What replaced that broken system came to be known as the “Missouri Miracle.” Traditional facilities were replaced by 32 small housing units (with populations typically ranging from 10 to 30) that are not only located across the state so that juvenile offenders can remain close to home, but also bear little resemblance to a prison. They are more like a group home, staffed by highly-trained personnel who use an approach that emphasizes therapy and rehabilitation over punishment. The staff-offender ratio is very low as well.

Though it might seem that a less stringent security environment—these facilities do not even have fences—would be an invitation to escape, that has not been the case in Missouri. On average there are less than 50 per year. The state does operate eight isolation rooms for juvenile offenders and still has a traditional prison for offenders under age 17, but the isolation rooms have been only rarely used and the prison has contained less than five inmates for most years of the new program.

What qualified the “Missouri Miracle” as a miracle? Recidivism into the juvenile program is now under 8%. The rate of adult conviction of former juvenile offenders now hovers between 7% and 8% for a five-year period after concluding the program. New York’s juvenile system, by contrast, has an 89% male recidivism rate. In Illinois it was 50% in 2006-09, up from 33% in 1996-99. Roughly half of Missouri offenders return to school successfully, and another third earn high school diplomas or a GED while in the program. Compared to Missouri’s 91% education rate, the national average is 46%.

It might be reasonable to assume that such commendable results come at a high price, but in fact the opposite is true. New York’s cost is $210,000 per juvenile for a nearly 90% failure rate. The national average is around $100,000. The Missouri Miracle, on the other hands, costs about $50,000 per child annually.

This is no big secret. All you have to do is look at the numbers. In this age of rhetoric, seeing actual facts used to to state the case is a joy to behold. Even better is the fact that Winters points to several other similar programs that have been kicking off around the country.

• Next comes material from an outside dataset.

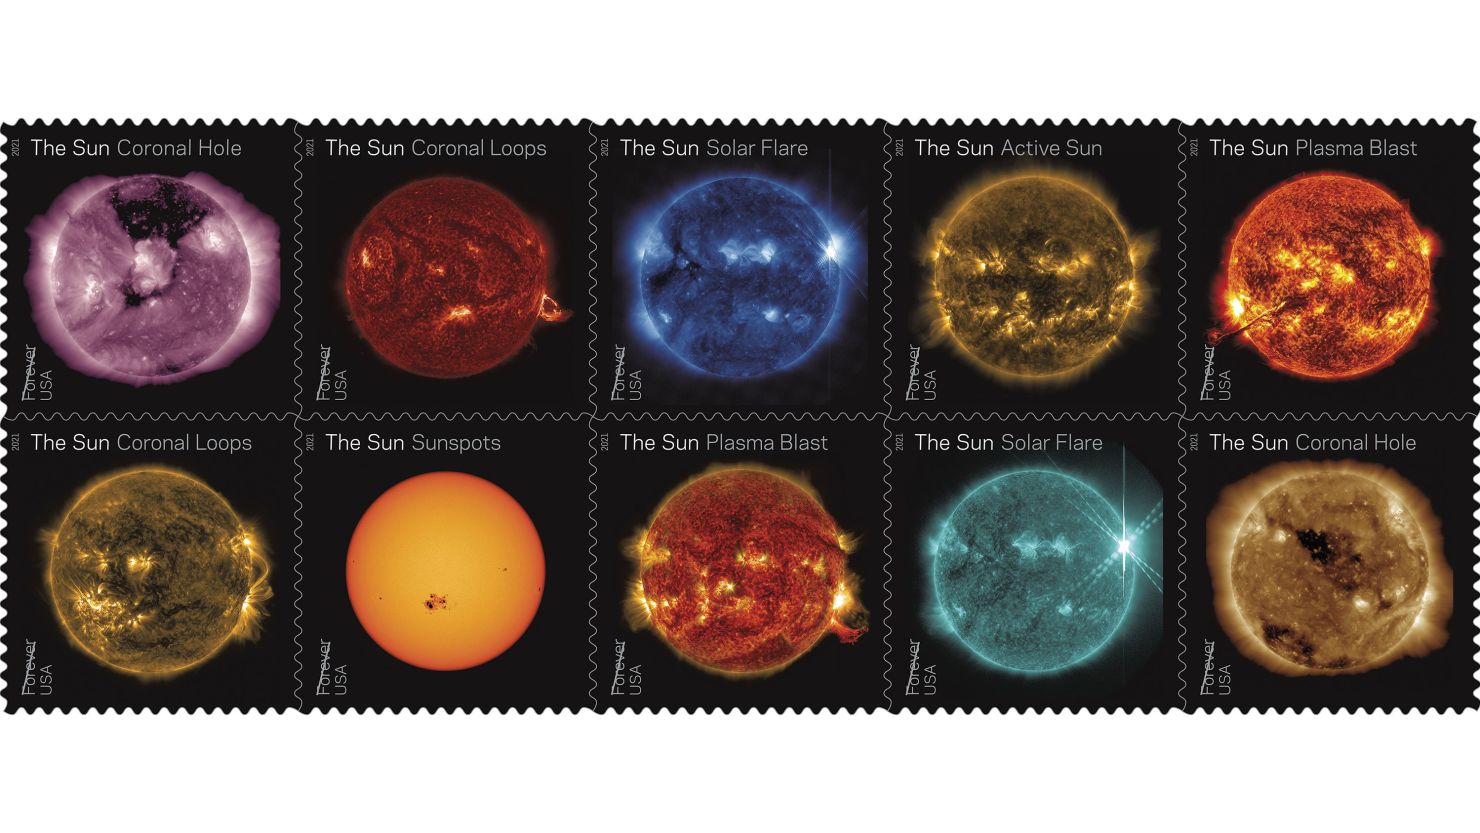 The US Postal Service issued a set of Sun stamps on Friday.

The District of Columbia started to use the Missouri Model in 2009 with mixed results. The first facility based on it cut its recidivism rate in half. Unfortunately there was also a tragic incident where a middle-school principal was killed by several juveniles who were serving under the new program.

Here in my home state of Louisiana, which has always deserved a horrible reputation when it comes to corrections, we saw the Bridge City facility open in 2007. Again based on the Missouri Model, it serves male youth offenders aged 10 to 20 serving sentences ranging from six to 24 months. Since opening it has achieved a recidivism rates of 10 %.

Other jurisdictions are finally starting to experiment with the Missouri Model, including New Mexico and San Jose, California. We have faith that the model’s success can be replicated in widely divergent areas of the country, and each time it shows gains in another community the evidence becomes more impossible to ignore. This is the sane way to both fix the system and reduce the budget needed to do so at the same time.